The Wall Street Reform Act "takes steps to protect consumers and to put a leash on financial institutions on Wall Street," Al Jazeera's Nick Spicer, reporting from Washington, said.
Drafting this legislation makes for good domestic politics and will help Obama as he travels to Canada for the G20 summit, our correspondent said.
Mike Konczal, an economist, told Al Jazeera the proposed reforms offer little protection to prevent another global financial crisis.
"We're going to keep the mega banks in power; we're going to have the six largest banks that are still very global varying every business line," he said.
"We did not separate out the derivatives dealers from the major banks in a way that would actually force them to compete against each other.
"In that sense we're still going to have a financial sector that looks very much like 2006 and that's a very dangerous financial sector. Therefore, it's not clear necessarily, that we won't have another crisis in a decade."
The new legislation marks the first major attempt to regulate the over-the-counter derivatives market, which is valued at $615 trillion.
Derivatives are contracts whose value is derived from stocks, commodities, bonds or even specific events such as the weather.
"Washington wants to set the expectations so low in that whatever victory is achieved they can declare that a win over Wall Street for Main Street"
Shahien Nasiripour, business reporter
The murky market in these contracts has been blamed for making the global recession worse, because banks from all over the world bought financial products derived from the US mortgage market.

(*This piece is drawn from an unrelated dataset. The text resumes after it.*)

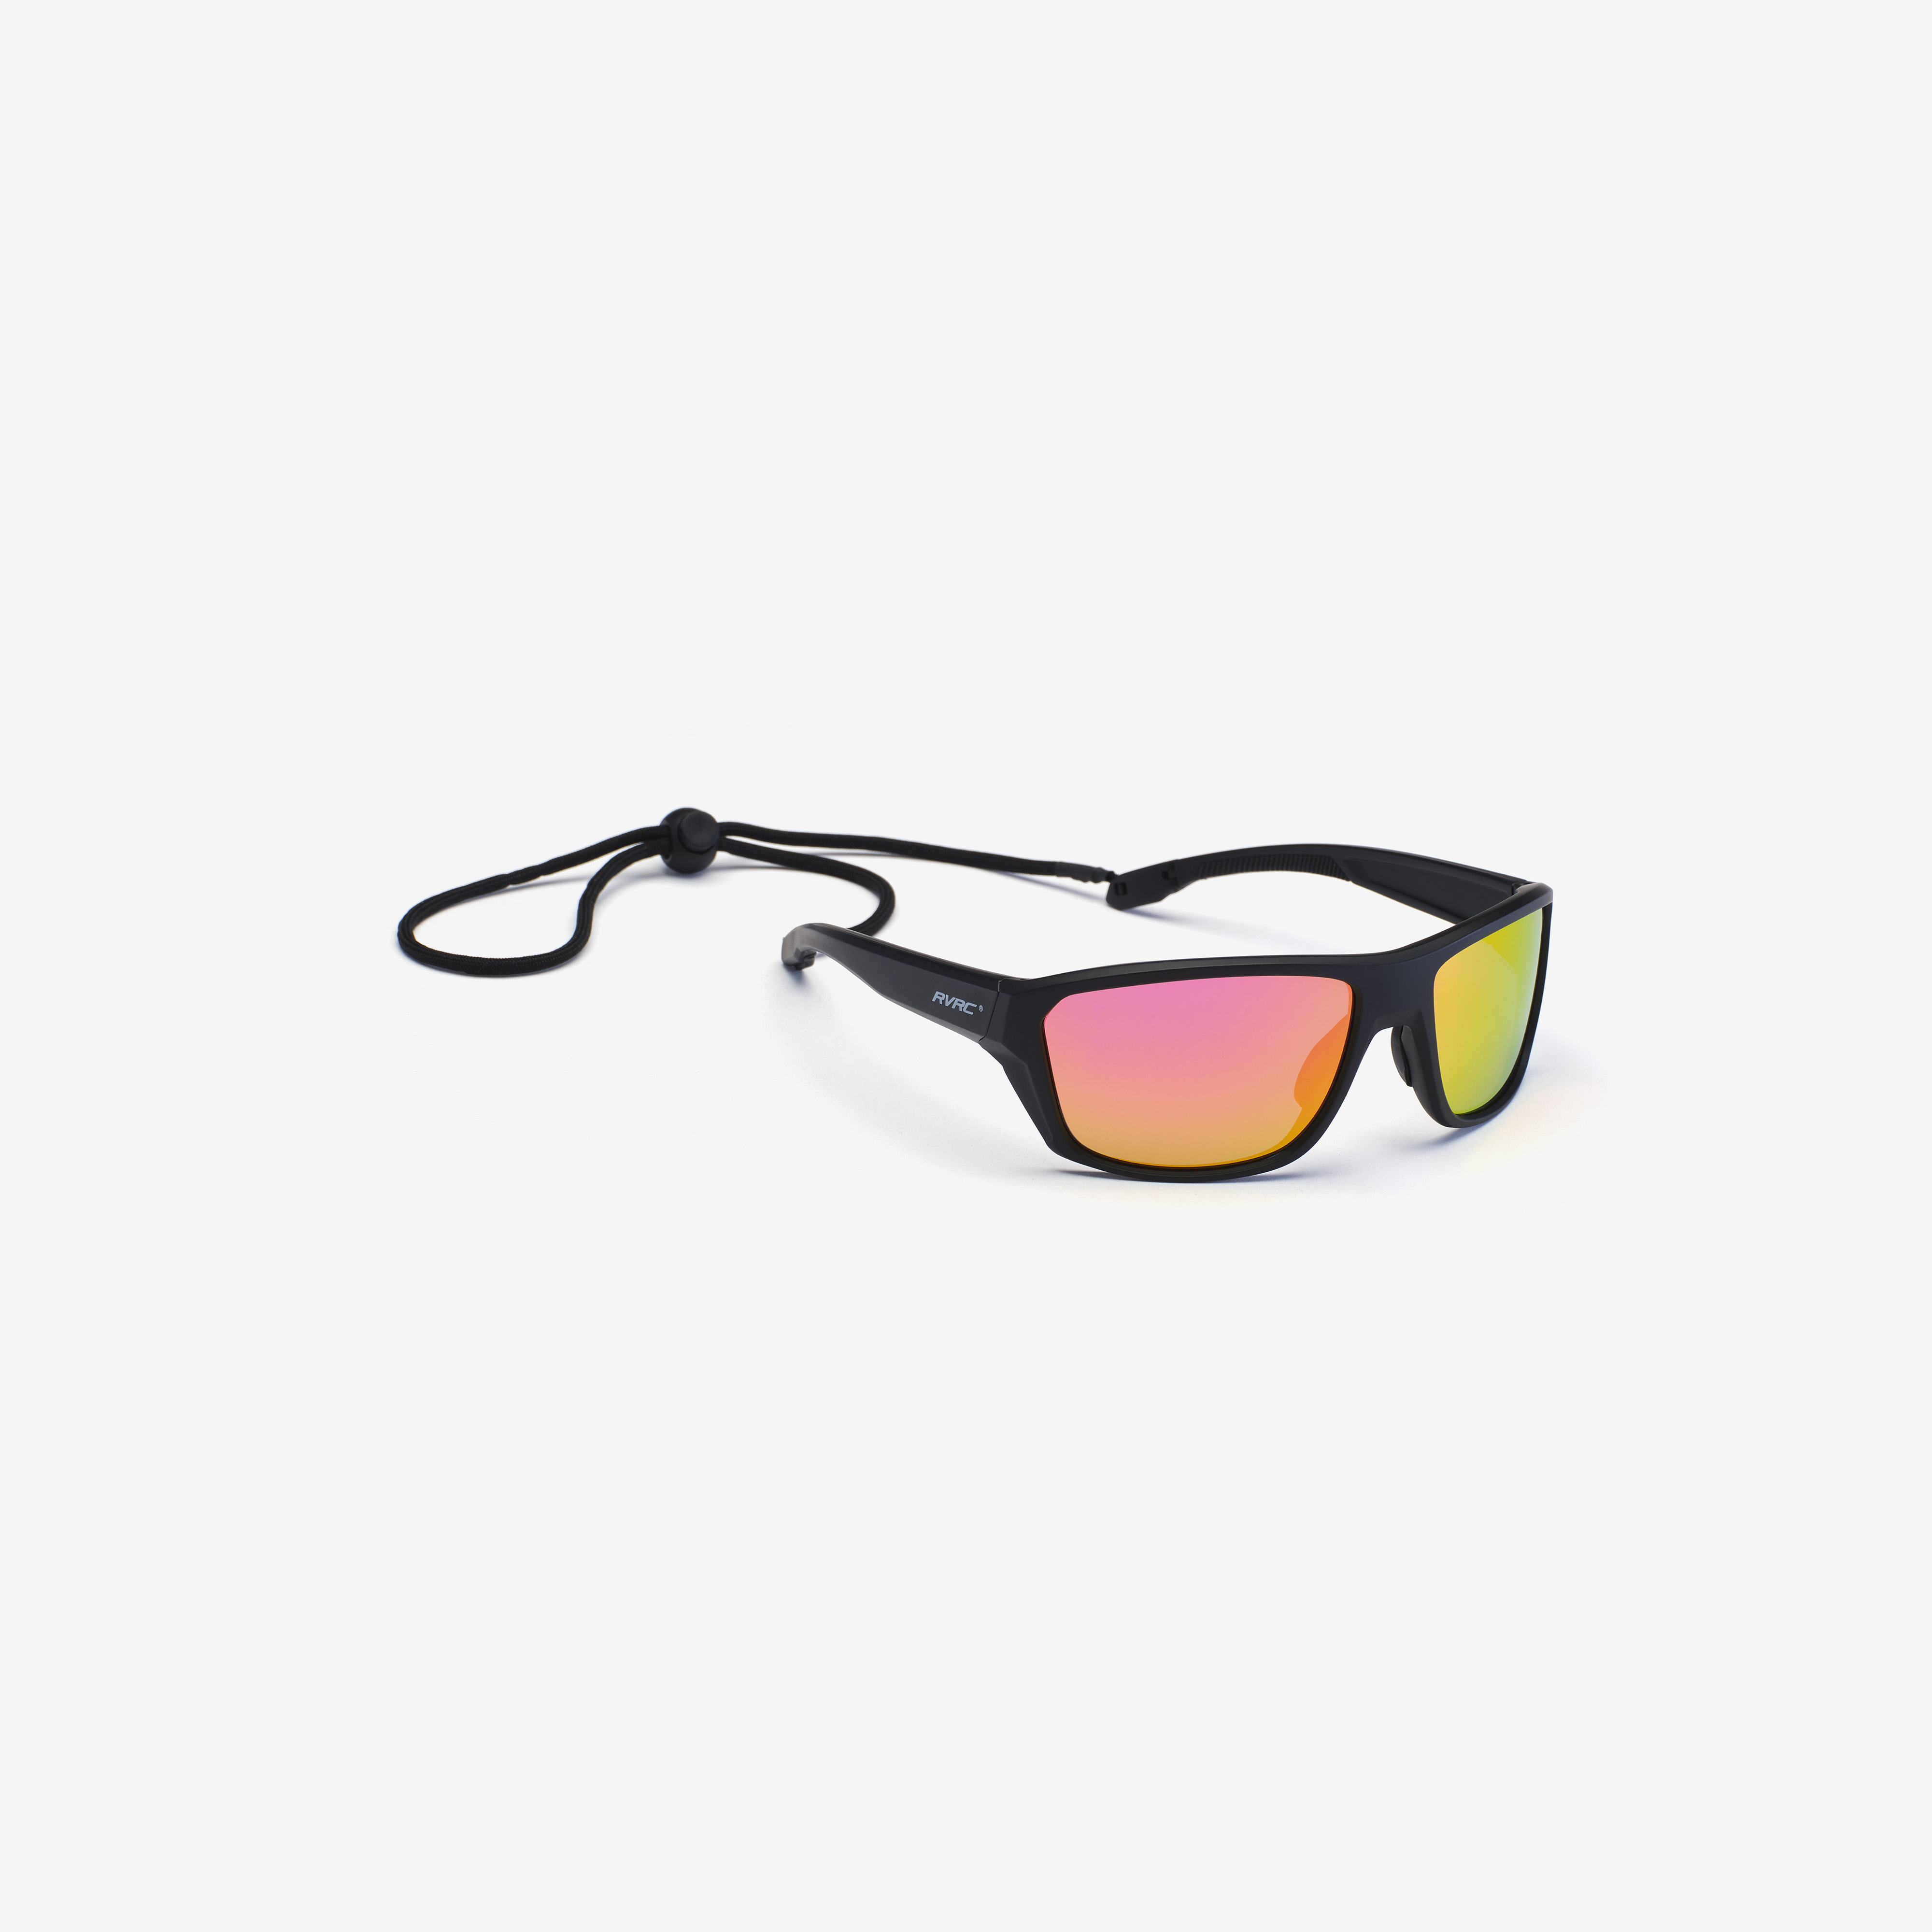 Virgo Polarized Sports Sunglasses Black/Pink Coral

These investments, which were supposed to be safe, turned out to be almost worthless.
Large investment operations, such as Goldman Sachs and JP Morgan Chase, will have to separate some of their profitable derivatives trading operations from traditional banking activities.

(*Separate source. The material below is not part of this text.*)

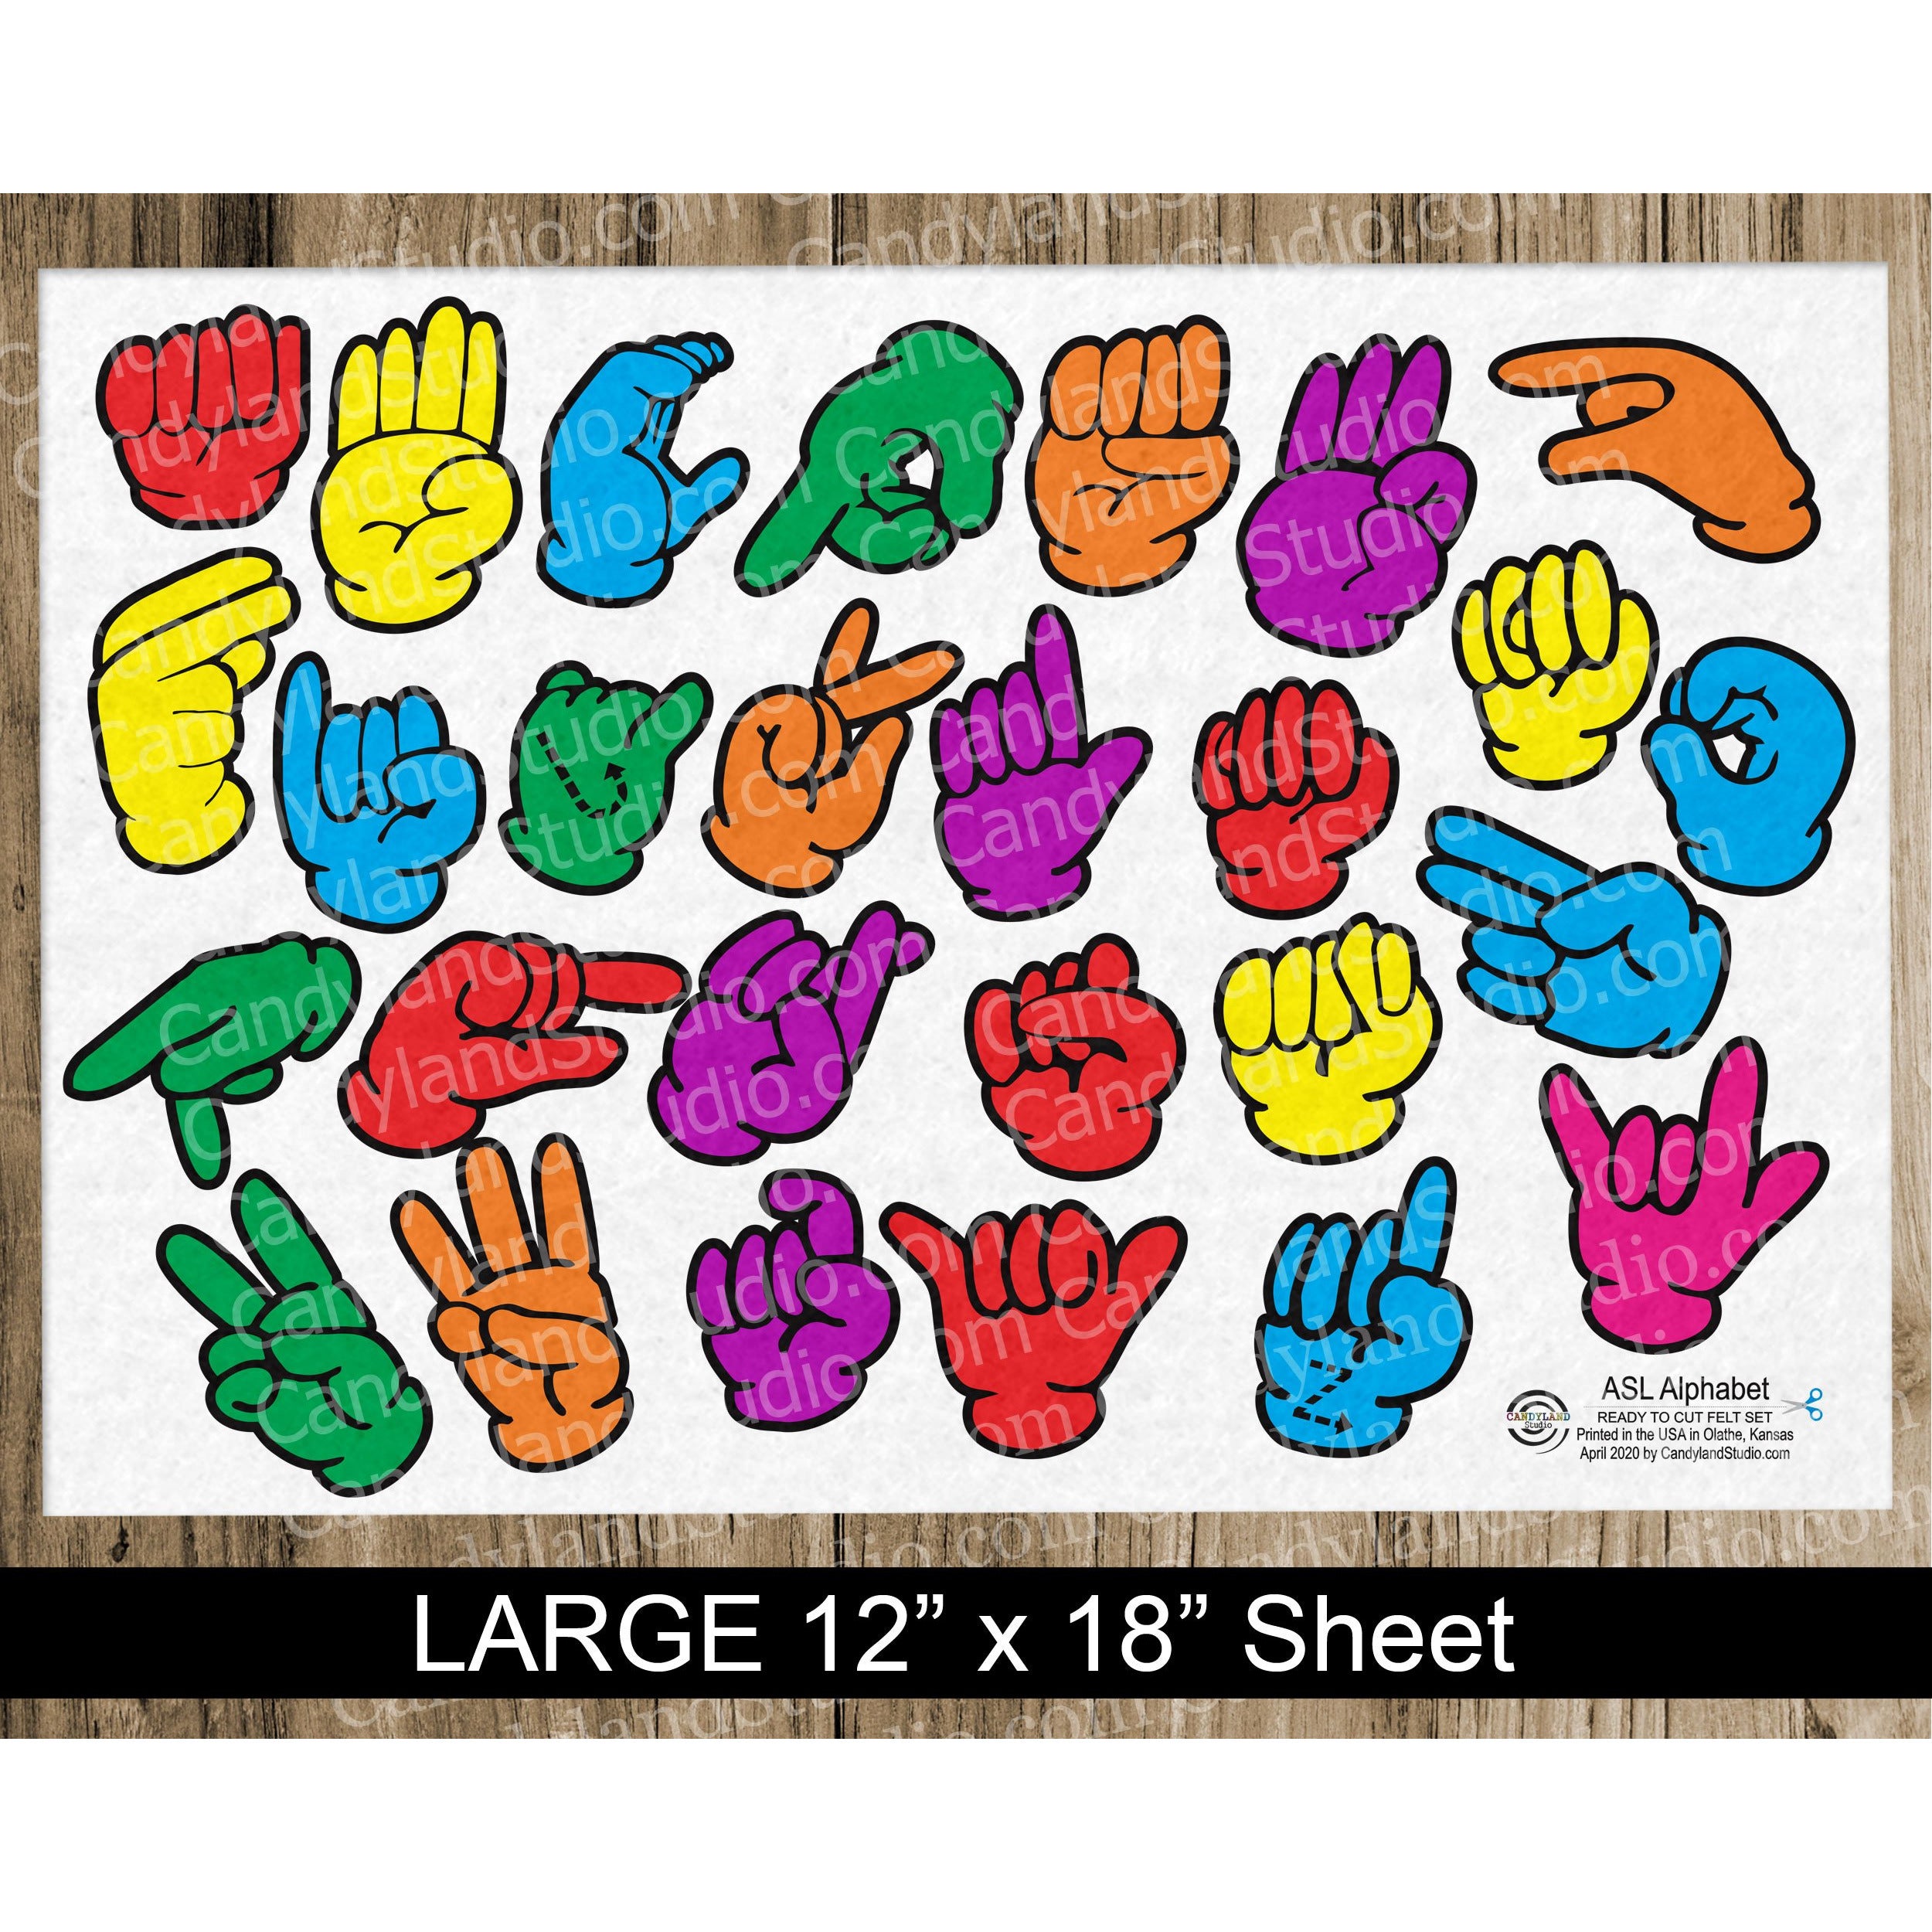 american sign language shapes

This separation was designed to protect depositors and the government from having to pay for risky derivatives bets.
The new rules also demand a greater separation between traditional banks and hedge funds.
Rating agencies such as Moody's, and Finch, could face major changes to their business models as a result of regulations.
Agencies have been criticised for conflict of interest violations because they have rated and assesed the same firms who hire them.
Our correspondent in Washington said that legislators, especially many Republicans who often oppose government regulation of business, did not want to vote against the bill.
"I think politicans are riding, surfing, on a wave of anger against Wall Street, against the bailout. People from across the spectrum, right and left, are angry about what happened."
|Obama's advisers are hoping the reforms will boost poll numbers ahead of elections [EPA]
The bill includes the creation of a new a consumer financial-protection bureau which will police banks and financial services companies for credit-card and mortgage lending abuses.
While polling numbers for Barack Obama, the US president, have been down recently, his advisers are hoping the financial overhaul will lead to a boost in his popularity ahead of congressional elections in November.
Shahien Nasiripour, a business reporter for the Huffington Post, a news website, told Al Jazeera: "Washington wants to set the expectations so low in that whatever victory is achieved they can declare that a win over Wall Street for Main Street."
"It's a way to give folks across the country some kind of a win even if it's an artificial win over the big bankers on Wall Street for causing the worst financial crisis in the country since the Great Depression," he said.
"The Obama administration has elections to win and there is one coming in November, two years after the financial crisis hit its apex in September 2008, and they had to get a bill done in time for that election.
"Otherwise Republicans would paint them as the party that was unable to reign in Wall Street for two years after the financial crisis."